Иными словами, в эмпирии жизненного мира людей есть всё, но наука подходит к нему исходя из некоторых базисных различений, отдавая предпочтение одному и игнорируя другое. В эмпирических полях отдельных научных дисциплин, в том числе реаниматологии, есть фрагменты, которым может быть придан, а может и не быть придан статус самостоятельного явления. Потусторонние видения людей, переживших состояния, близкие к смерти, известны испокон веков, но...

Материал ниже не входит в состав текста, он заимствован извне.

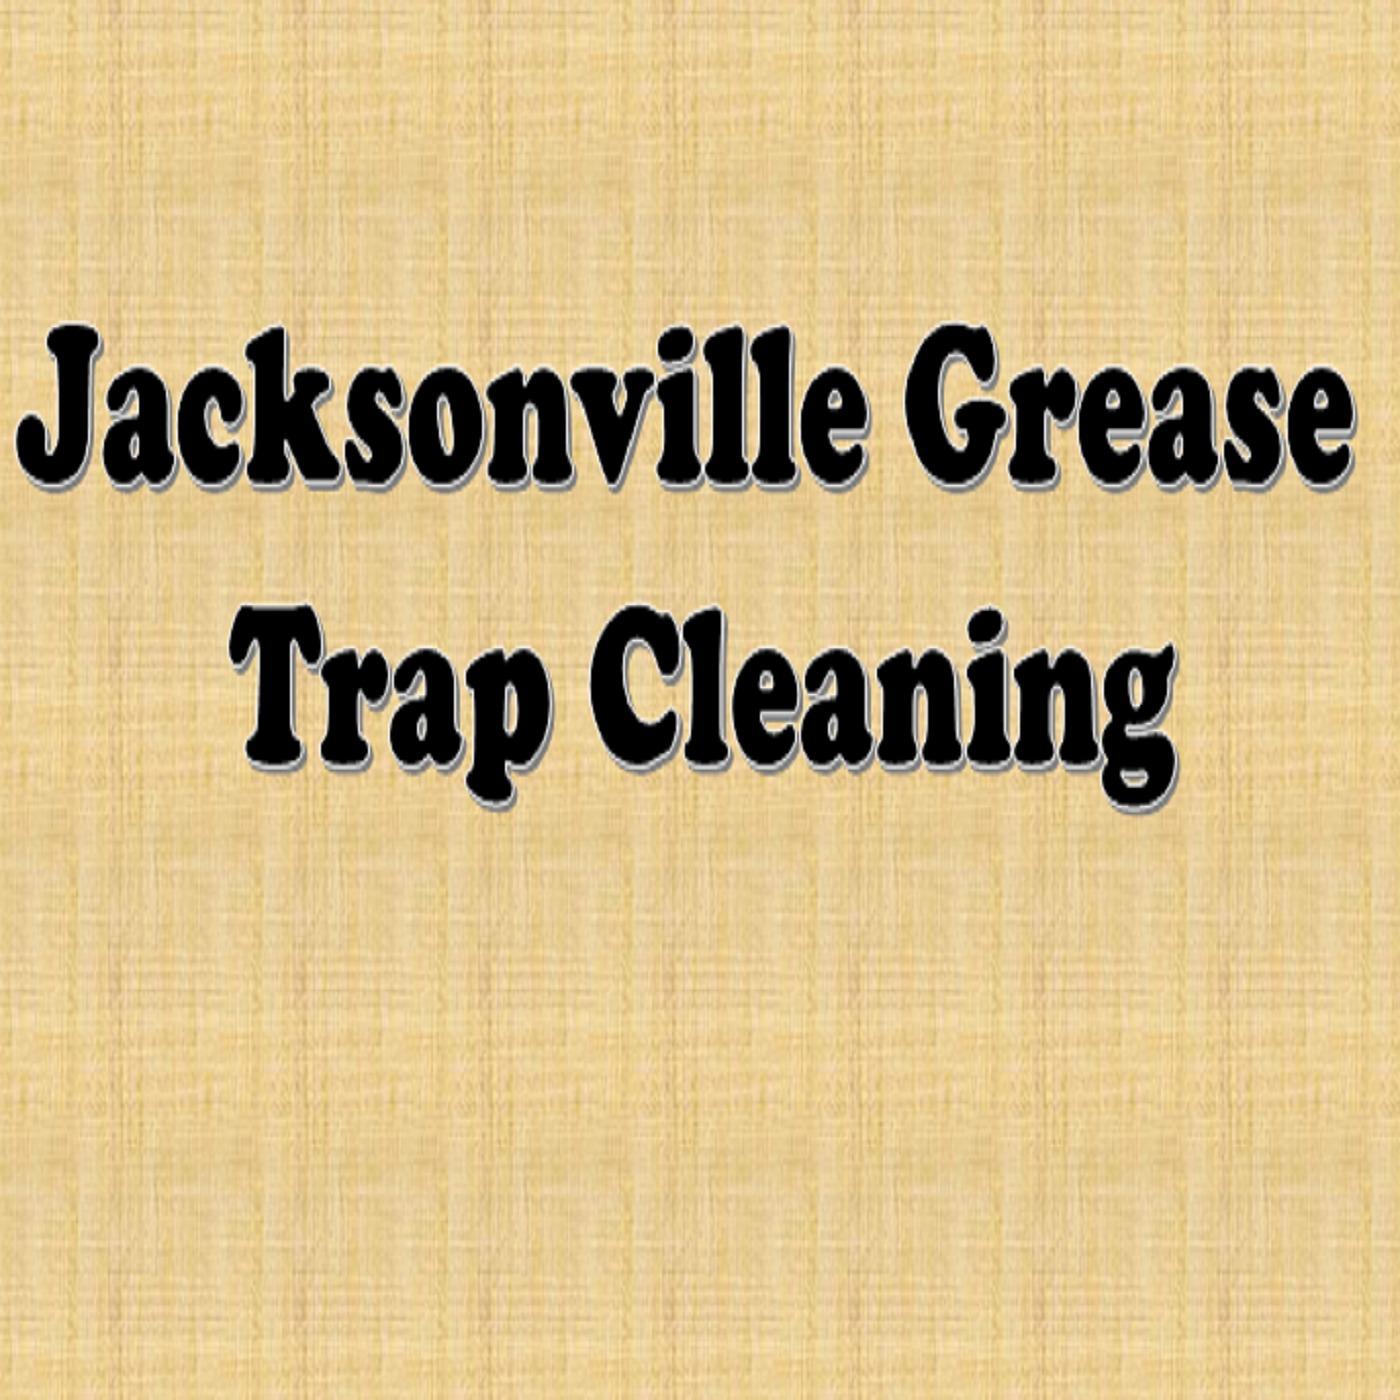 Jacksonville Grease Trap Cleaning

Сходная ситуация, как мне кажется, наблюдается в эмпирическом поле современной психиатрии. Известные российские психиатры Т.А. Доброхотова и Н.Н. Брагина отмечают, что 5...7% их пациентов-левшей проявляют, с одной стороны, поразительные творческие, а с другой стороны – экстрасенсорные способности. Эти исследователи подчёркивают, что в современных пособиях по психиатрии подобные феномены не описаны, не классифицированы, не исследованы как заслуживающие специального внимания. Исследователи также полагают, что 5...7% – это заниженная оценка, т.к. обычно пациенты не рассказывают врачам о своём опыте такого рода.

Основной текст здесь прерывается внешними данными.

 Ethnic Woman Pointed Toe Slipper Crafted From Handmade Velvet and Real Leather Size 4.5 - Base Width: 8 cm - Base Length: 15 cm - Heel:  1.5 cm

В теоретико-концептуальном, методологическом плане аналогичная познавательная ситуация имела место в исследовании нелинейных уравнений. В своё время потребовались специальные усилия математиков и физиков-теоретиков, для того чтобы в поведении нелинейных систем вблизи точек неустойчивости преодолеть хаос неустойчивых траекторий и добраться до знаменитых ныне аттракторов. Исследователи коллективного поведения, в частности политического, рассматривают архетипы коллективного бессознательного как своего рода аттракторы социальных систем.
Вместо заключения
В заключение упомяну еще один момент. Ведь о чём идет речь: о проблеме происхождения знания в связи с процессом ассимиляции современной наукой древних знаний. Но что при этом рассматривается как источник для научного анализа, что является носителем этого древнего знания? Мифы. Каков статус мифа в современных исследованиях, разве это не выдумки, суеверия и фантазии слишком впечатлительных и слишком мало знавших Природу древних людей?
Многоплановый современный анализ мифов, например древнегреческих, детальное сравнение рациональности мифа и науки, обсуждение актуальности мифического для христианства и современной жизни (мифическое в конституции Германии и в истории живописи ХХ века) можно найти в книге философа науки Курта Хюбнера. С его точки зрения, в настоящее время миф рассматривается как не менее рациональное и обоснованное, чем научное, но существенно отличающееся от него видение мира. Иначе, в частности, невозможно понять, каким образом люди мифа смогли совершить неолитическую революцию, т.е. научиться добывать огонь, доить коров, выращивать пшеницу, ездить на лошадях, обжигать горшки, плавить железо и ковать из него мечи и орала. Однако проблема происхождения этого знания и его развития, разумеется, остаётся тайной как для людей мифа, так и для современных исследователей. Люди мифа считали, что знание им даровали боги или, в современной терминологии, нуминозные существа. Опыт восприятия нуминозного, как вместе с Э. Кассирером полагает К. Хюбнер, доступен поэтам. Исходя из различия в отношениях между субъектом и объектом, характерных для этих двух видений мира, в качестве альтернативы научному видению мира в целом Хюбнер предлагает творчество Гёльдерлина. Его поэтический стиль имеет много общего с теми особенностями языка архаичного искусства, на которые обращал внимание П. Фейерабенд как на характеристики архаичного видения мира.
Итак, «сухой остаток» второго момента, на который я хотел обратить внимание в связи с процессом ассимиляции наукой древних знаний, состоит в том, что происхождение знания остается тайной, но, обращаясь с этим вопросом к мифу и признавая за ним право на истину, исследователи всё более пристально всматриваются в его структуру. Ведь, в отличие от науки, субъект мифа не отделён от его объекта, а между материальным и идеальным в мифе нет той пропасти, которая есть в науке. Практическая эффективность древнекитайской медицины, о которой шла речь выше, в этих исследованиях дополняется теоретическими, методологическими исследованиями структуры мифа.